Can Machines Learn Indian Classical Music?


September 6, 2012


Ajay Srinivasamurthy


Universitat Pompeu Fabra (UPF)


Music Technology is a multidisciplinary field that uses the tools available to engineers to develop specific tools for understanding, analysis, and synthesis of music. Music Information Research (MIR) draws from several fields such as signal processing, machine learning, computer science, psychology, and musicology. This talk will discuss a few MIR tools in the context of Indian classical music. In specific, Multiple Viewpoint Modeling and Rhythm Modeling will be discussed in detail. Multiple viewpoint models can be used for melody continuation.

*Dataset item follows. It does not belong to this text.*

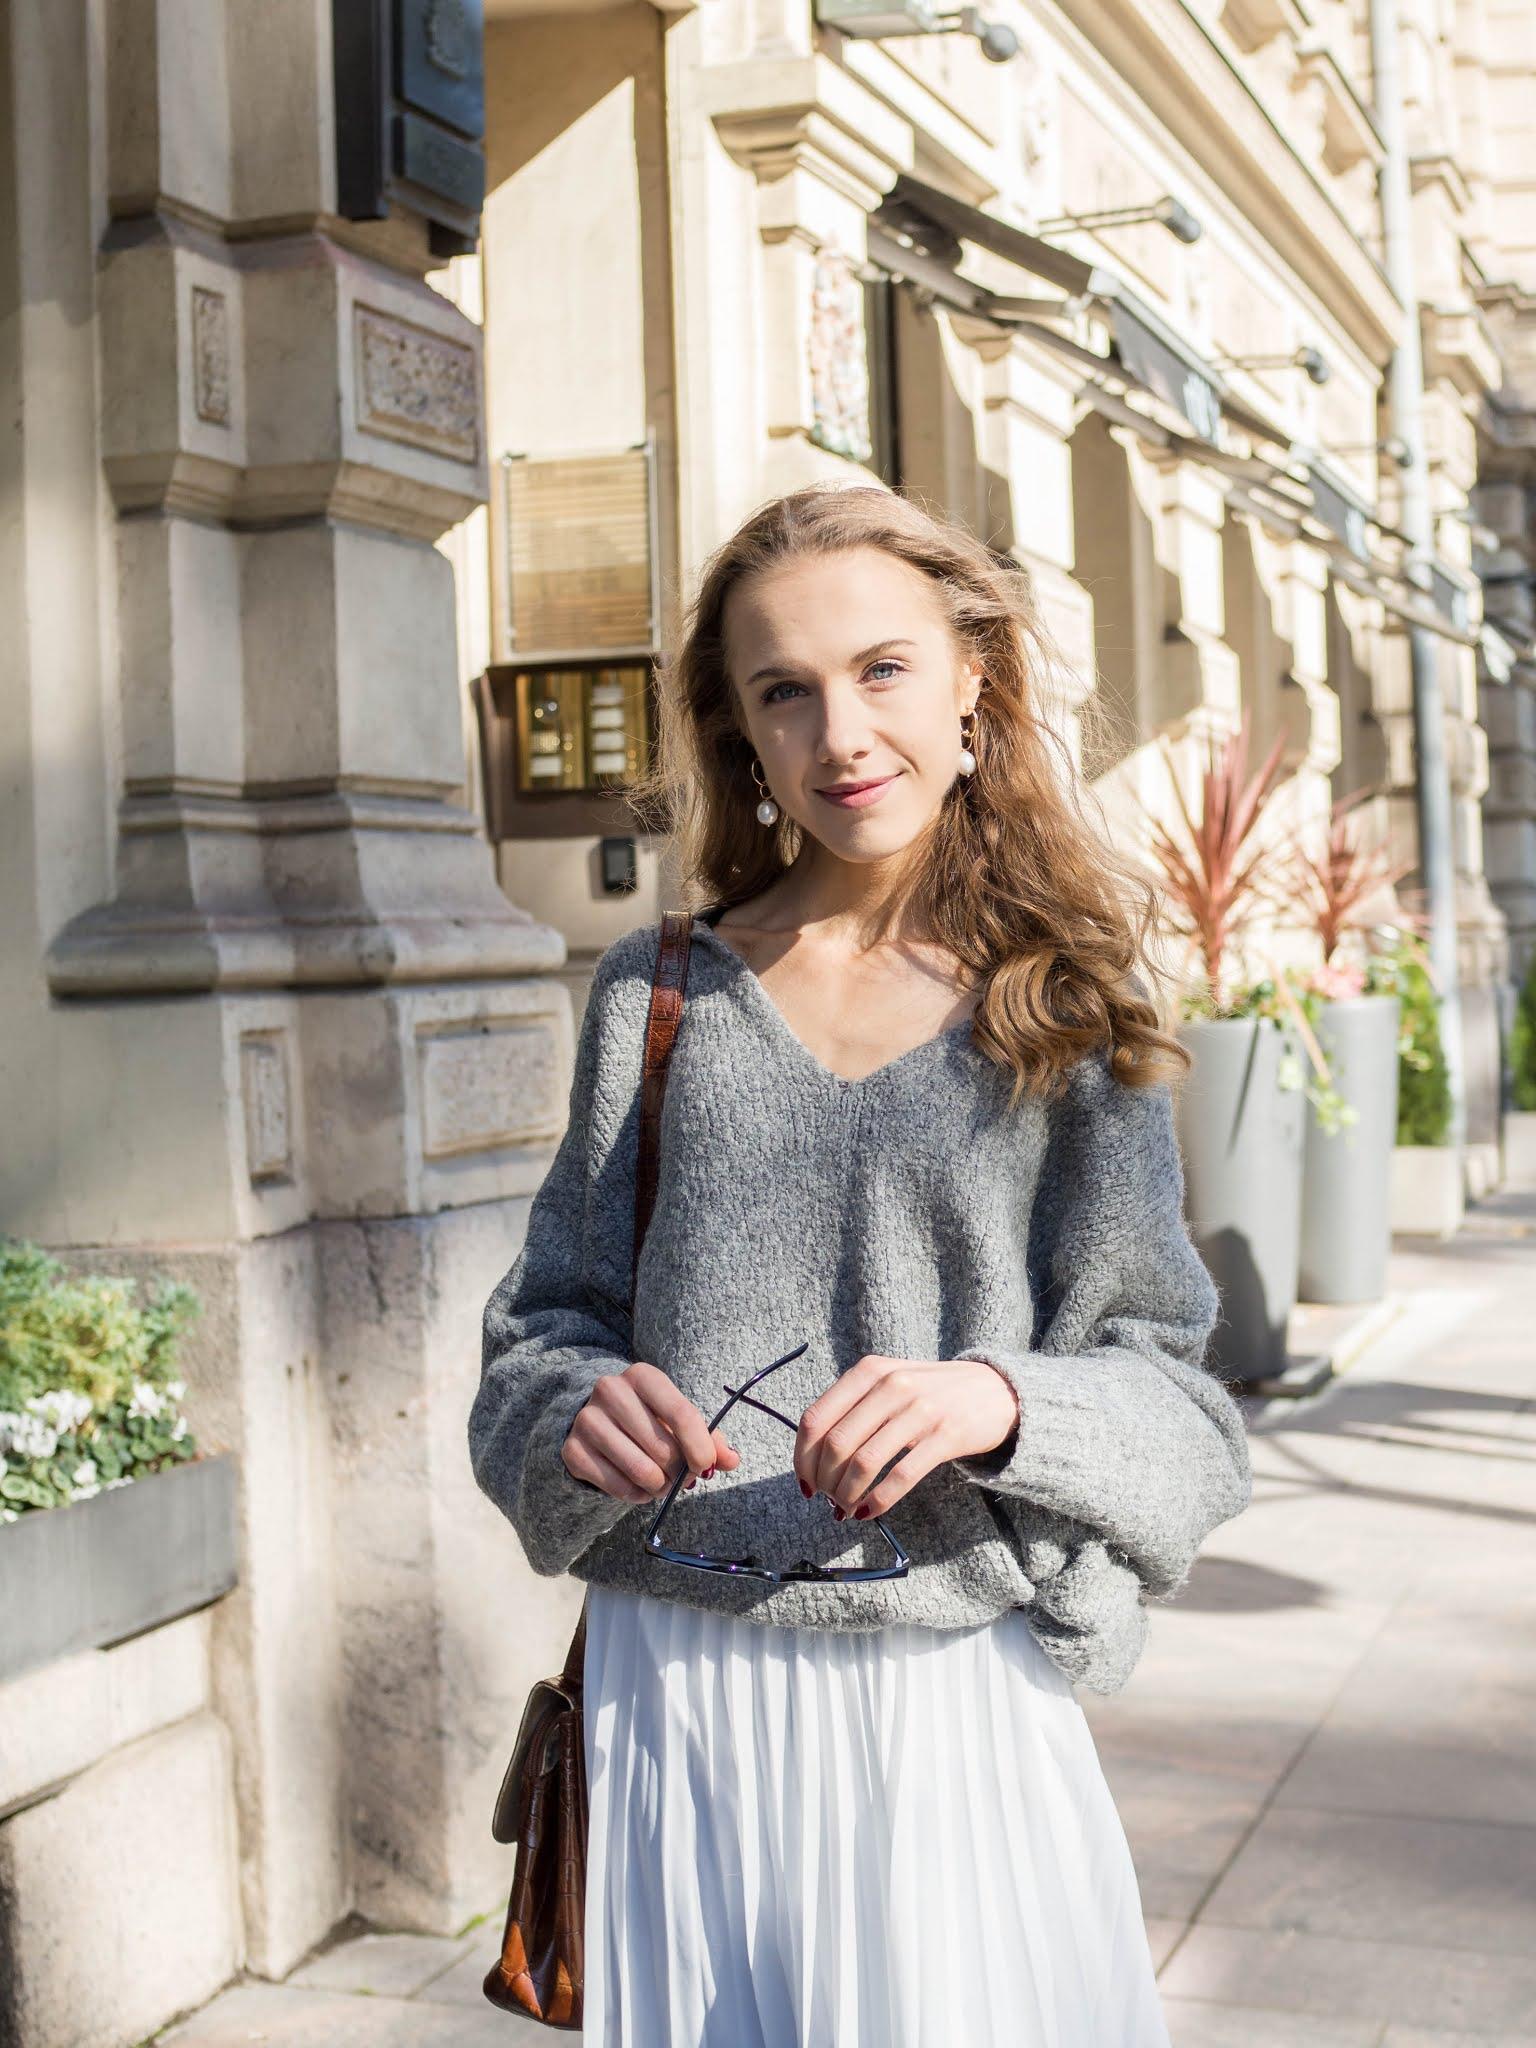 Pariisi-tyylinen asu // Parisian style outfit
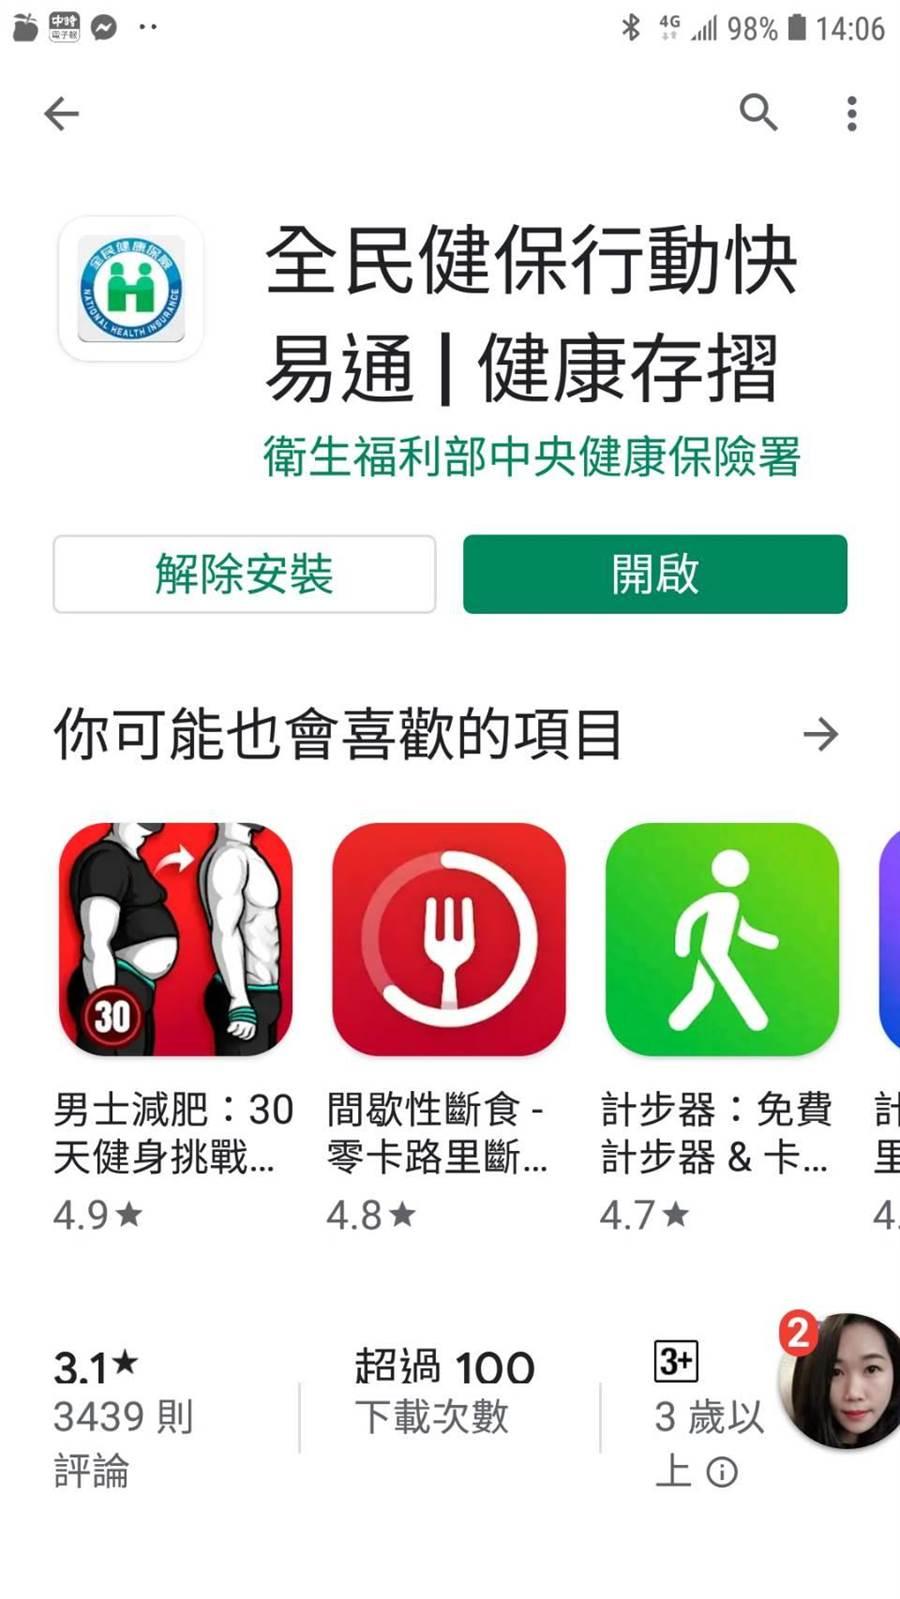 全民健保快易通手機認證異常(網路擷圖)

Rhythm models aim to extract useful rhythm related information such as the pulse, beat, and phrase boundaries from music. Using the new set of MIR tools, we can develop several interesting applications which aim to create a novel experience with music for both musicians and the audience.


Ajay Srinivasamurthy

Ajay Srinivasamurthy is a doctoral student at the Music Technology Group, Universitat Pompeu Fabra (UPF), Barcelona, Spain. He works on rhythm modeling of Indian classical music as a part of the CompMusic project. His research interests broadly include Audio, Music and Speech Signal Processing, Psychoacoustics, Computer Music, Machine Learning, and Biomedical signal processing. Prior to joining UPF, he was a research assistant at the Georgia Tech Center for Music Technology, Atlanta. He has worked at the mobile music startup Smule Inc. in Atlanta and GE Global Research, Bangalore. He has an M.E. in Signal Processing from IISc, Bangalore and a B.Tech in Electronics and Communications from National Institute of Technology Karnataka, Surathkal.